What to produce:
The listing below should be written out word for word, with its pictures removed.

===== Dataset excerpt =====

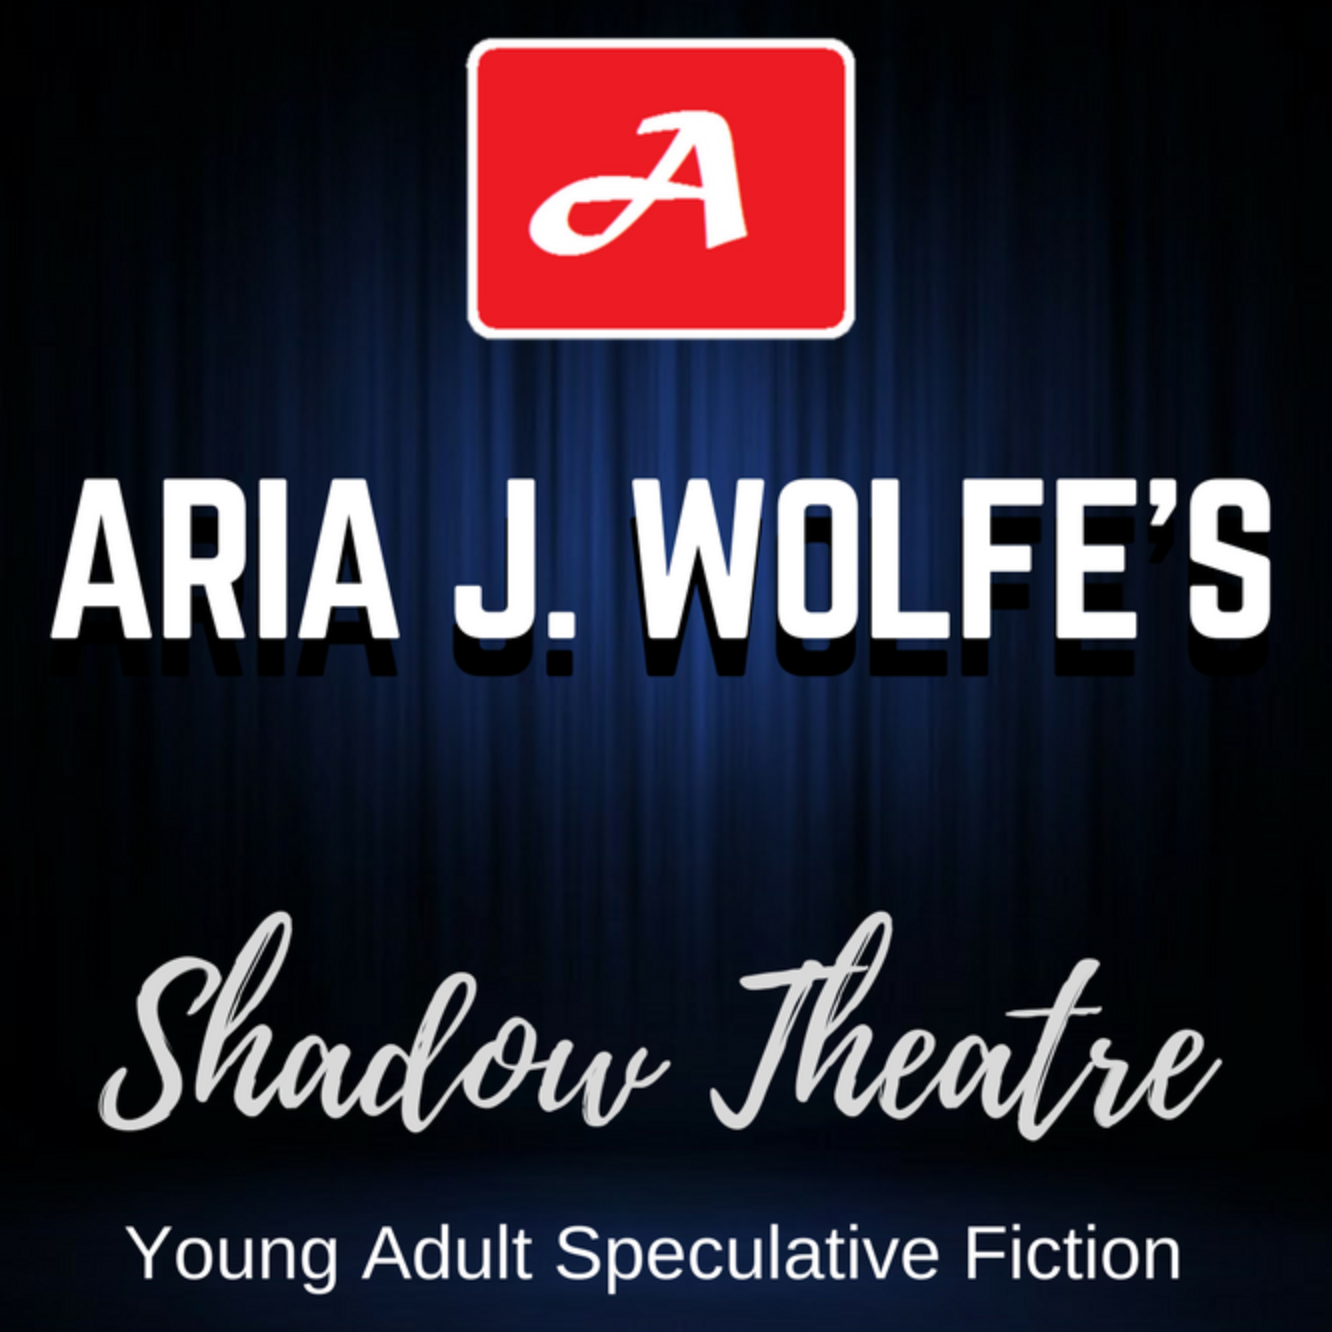 Aria J. Wolfe's Shadow Theatre
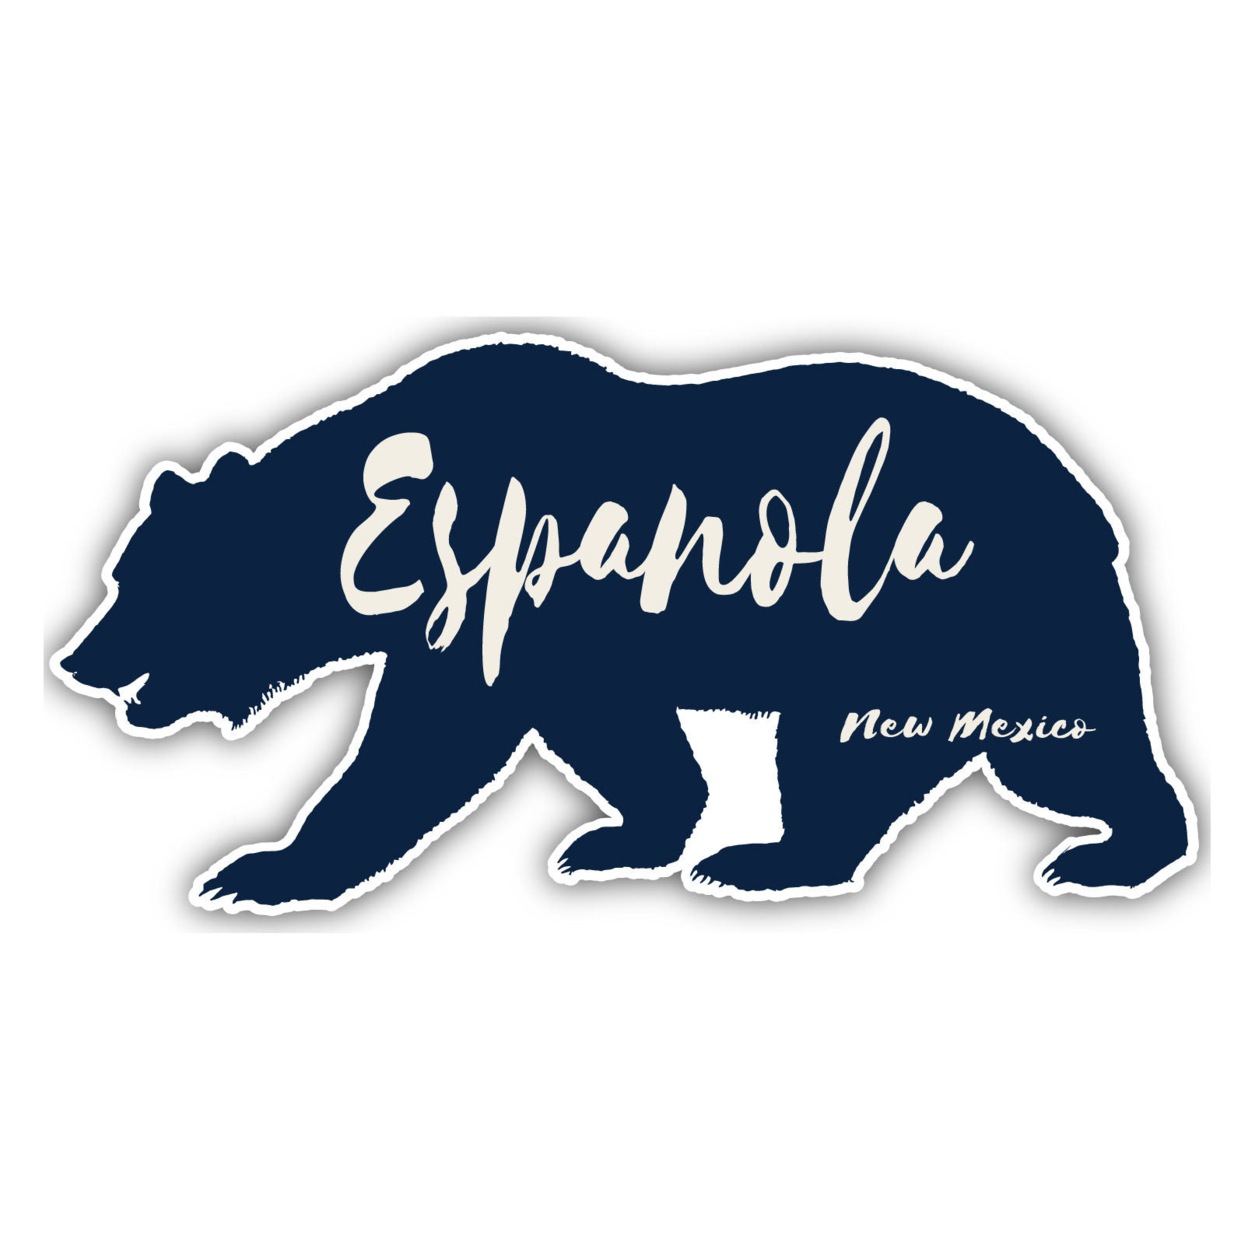 Espanola New Mexico Souvenir Decorative Stickers (Choose Theme And Size) - Single Unit, 12-Inch, Bear
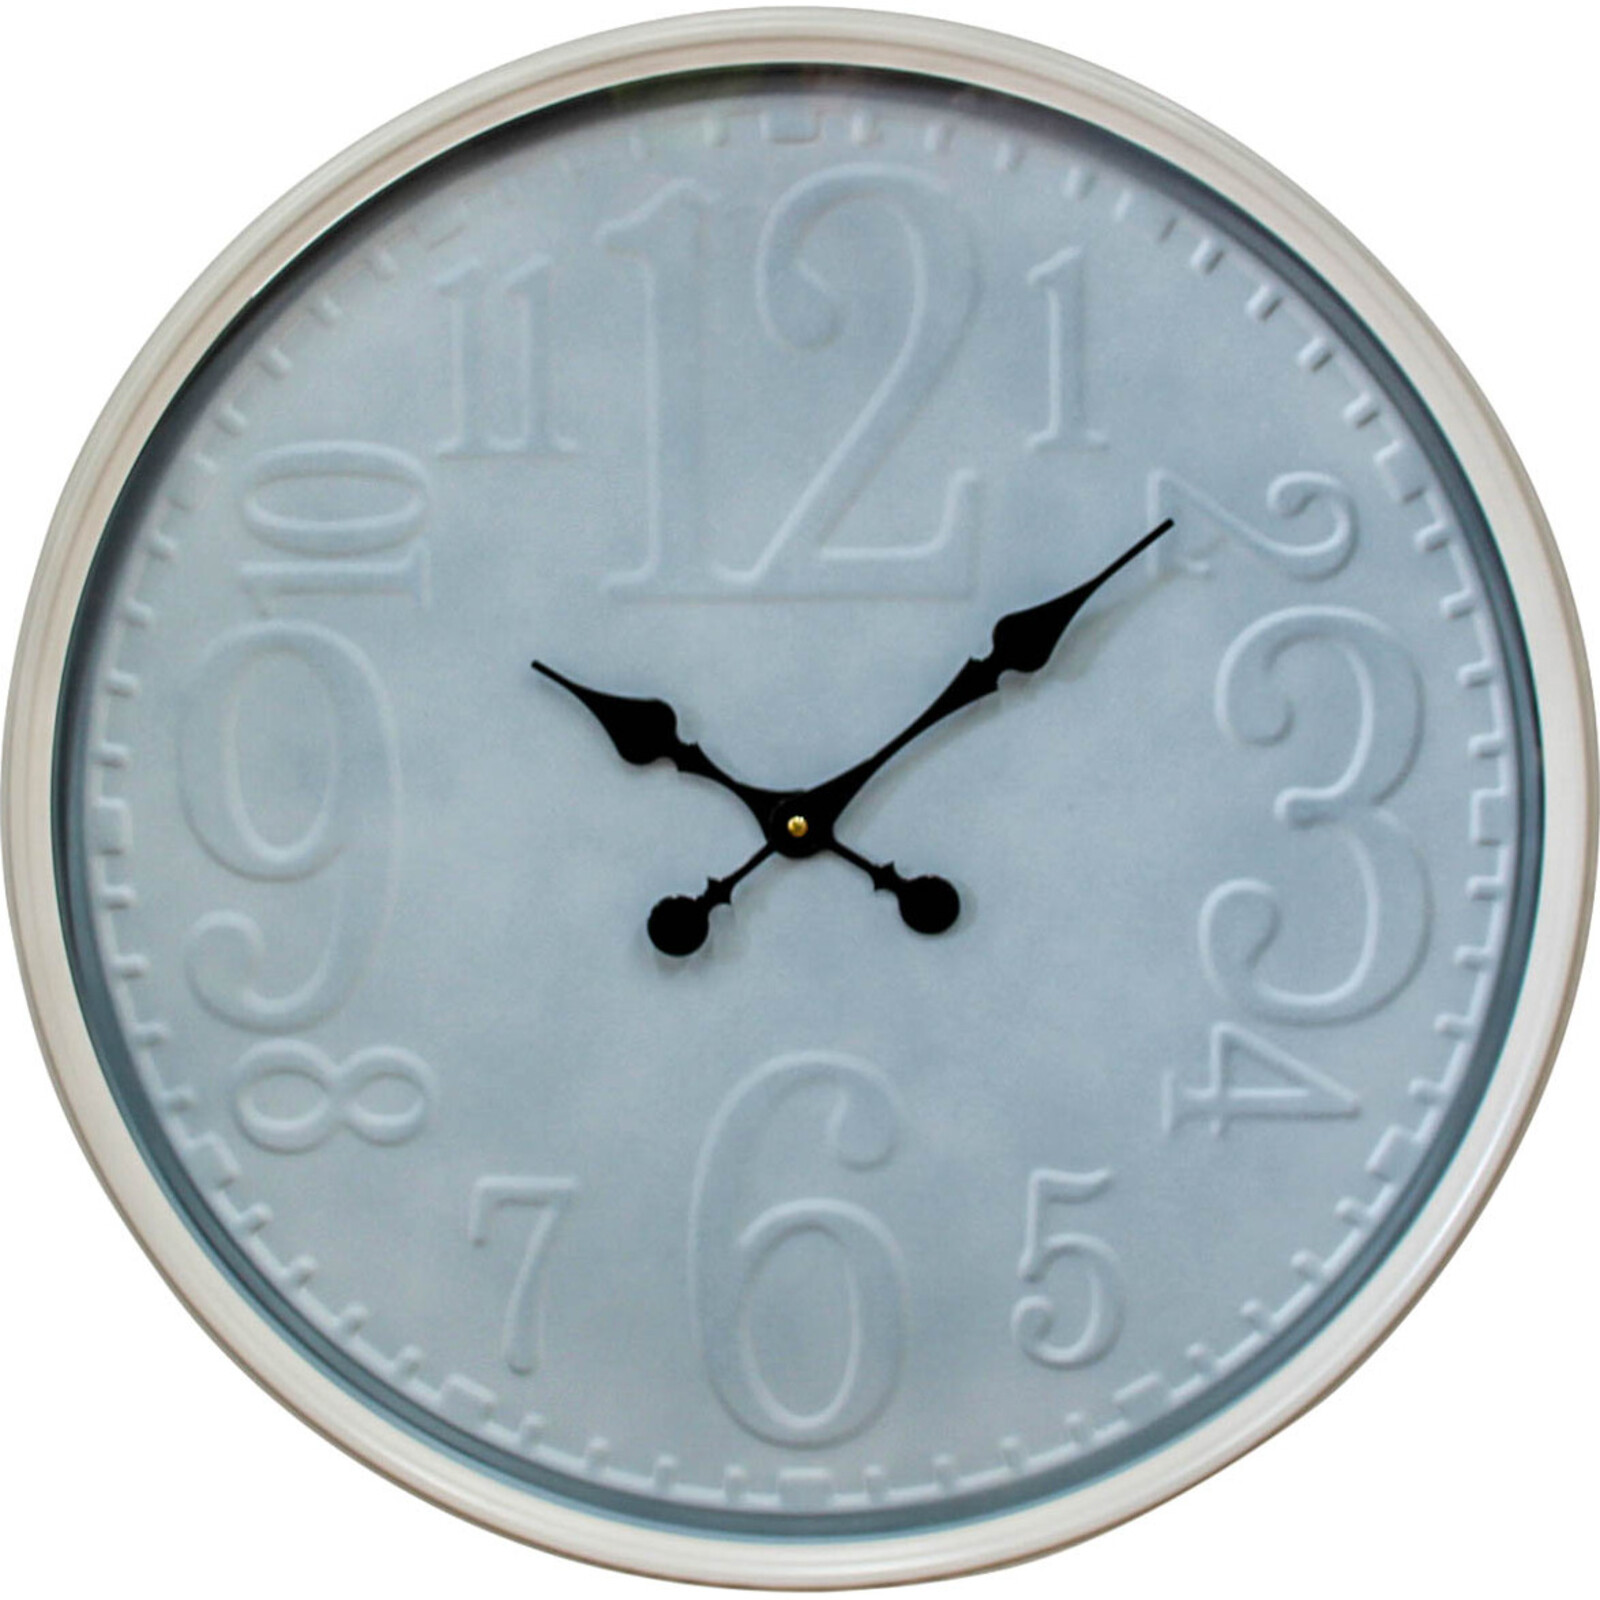  Metal Clock Mixed Numbers White

=====

Response:
 Aria J. Wolfe's Shadow Theatre
 Espanola New Mexico Souvenir Decorative Stickers (Choose Theme And Size) - Single Unit, 12-Inch, Bear
  Metal Clock Mixed Numbers White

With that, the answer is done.